Web Service Goes Date a-Mining
Much like Netflix can suggest movies, an Internet recommendation engine called Wings points you toward dating prospects.
A computer might be able to discern your tastes in romance even better than you can.
A new dating site called Wings is trying to push the bounds of machine learning and statistical models for better matchmaking recommendations. Unlike sites that rely on questionnaires, Wings tries to understand who you are by picking up the social media bread crumbs you leave online. Among the intriguing findings: whether you have a tight-knit group of online friends tends to predict what sort of person you might like.
Launched this year, Wings turns the model of traditional online dating sites like eHarmony or Match.com on its head. Wings doesn’t ask you about yourself. It tells you. The service requires a Facebook account, which it uses to study your online social network, but it also can connect to your Netflix, Pandora, Last.fm, Twitter, and Foursquare accounts to access data like movie-rental history and places you’ve been.
All that data is fed into the service’s recommendation engine. That system combines Bayesian modeling, a type of mathematical analysis that lets computers draw inferences from huge data sets, and machine learning, where the more data and feedback the algorithm is fed, the “smarter” it gets.
The idea is that the computer’s analysis of your behavior provides a richer analysis than what you’d say about yourself. “We serve as our own blind spot in that it’s difficult to accurately answer questions about oneself without biasing toward recent experience, current mood, etc.,” says Sunil Nagaraj, chief executive and cofounder of Triangulate, the company behind Wings.
Nagaraj founded Triangulate with two other Harvard graduates. The company raised $750,000 in July to expand and improve the service.
Because the dating service utilizes a recommendation engine instead of a simple search or questionnaire, it can draw some interesting and counterintuitive correlations on what leads to successful matches. For example, Nagaraj says, the density of one’s social network turns out to be an important factor. If your group of Facebook friends tends to be more closely knit, meaning that your friends are often friends with each other, you’re more likely to match with someone who also has a tight network of friends, rather than a loose association of acquaintances.

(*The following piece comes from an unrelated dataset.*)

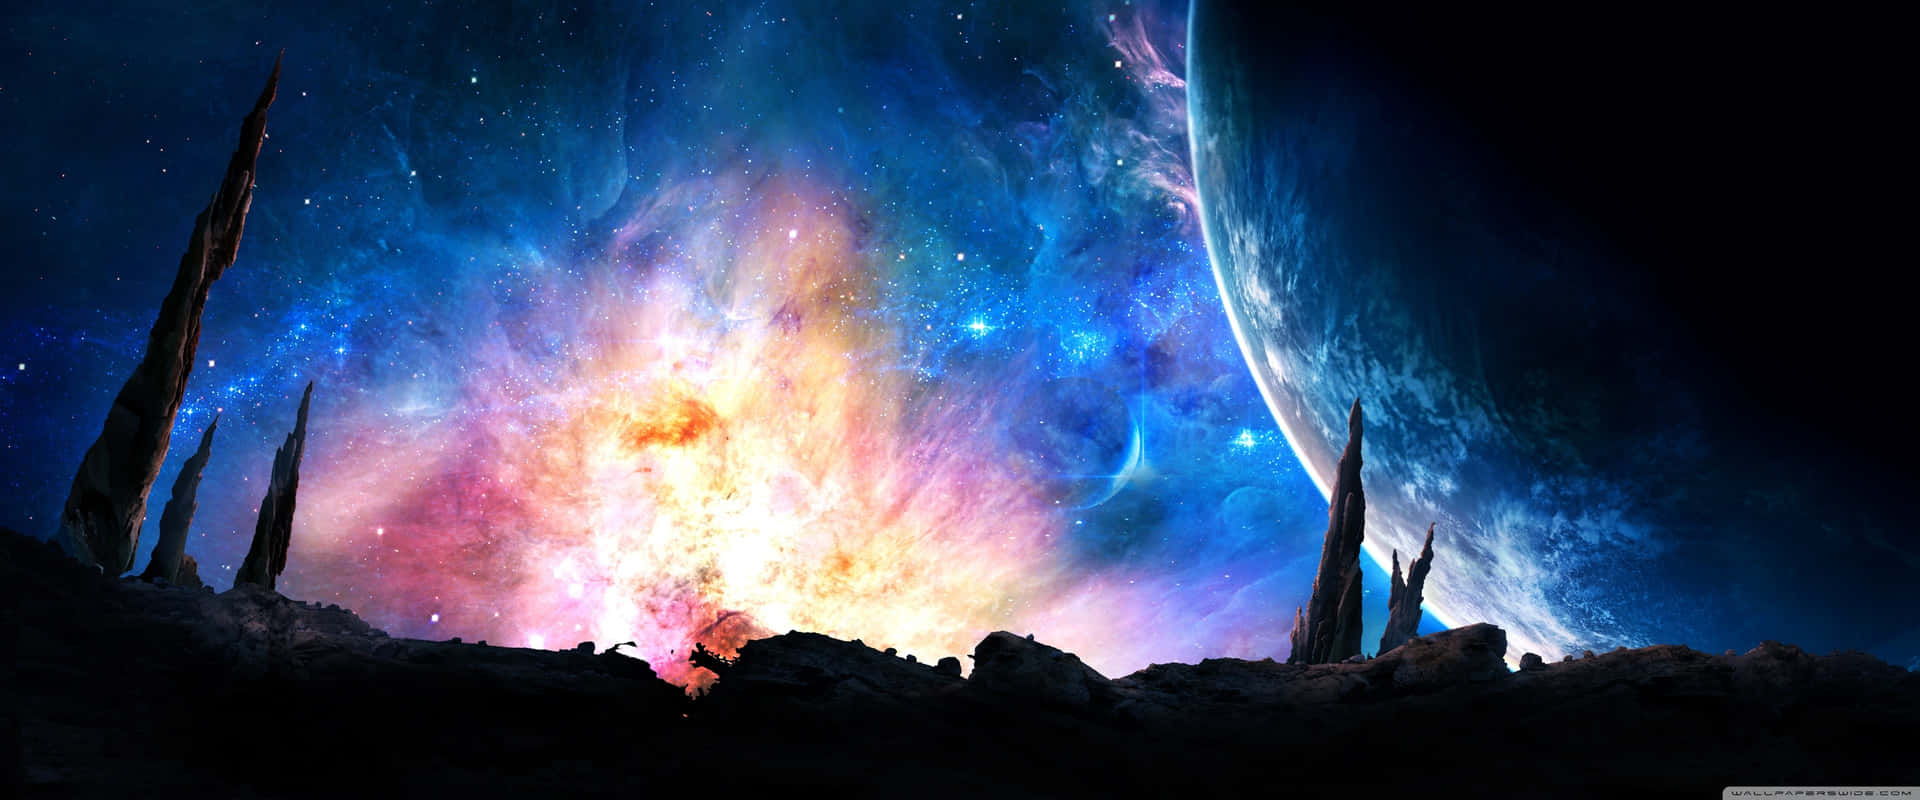 A Colorful Space Scene With A Planet And Stars Wallpaper

Wings has also found that couples tend to be well suited if they have similar percentages of friends from their own country versus other countries. It matters as well whether your Netflix rental or music playlist history tends toward the mainstream or underground. And couples that have lots of overlap in the types of people they follow on Twitter tend to match well, too.
Another company, IntroAnalytics, whose engine is used by dating sites like those run by the lad magazines FHM and Maxim, also has applied recommendation technology to online dating. But it differs from Wings in that it uses the data provided by the sites to which it licenses its technology–like profile information and user browsing patterns. IntroAnalytics cofounder Gavin Potter says that this method is very effective. On one site, for instance, Potter found that 60 percent to 70 percent of users’ navigation employed the recommendations provided by his technology instead of the search function, in which people look for traits they think they want.
To be sure, science can’t wave an algorithmic wand to find the perfect mate. Recommendation engines tease out correlations from huge data sets to make smarter suggestions, not perfect predictions. And the data set is never perfect. Nagaraj concedes that Wings could be drawing from more data streams to get a fuller picture of a person, and he is working to integrate more online services with Wings.
One other problem is that people aren’t consistent in their opinions, says Caterina Fake, a cofounder of a Web recommendation engine called Hunch. It tries to tackle questions that Google doesn’t easily answer, such as, “What movie should I see?” Fake gives an example of how people change their minds: “We may predict that you will rate some movie five stars, and right after you watch it, you do give it five stars. But a month later, you might come back and rate it three stars, because it’s faded in memory.”
Still, collecting and analyzing social data the way Wings does could be a new branch in the evolution of Web services that make smarter recommendations without having to be told something twice –or even once.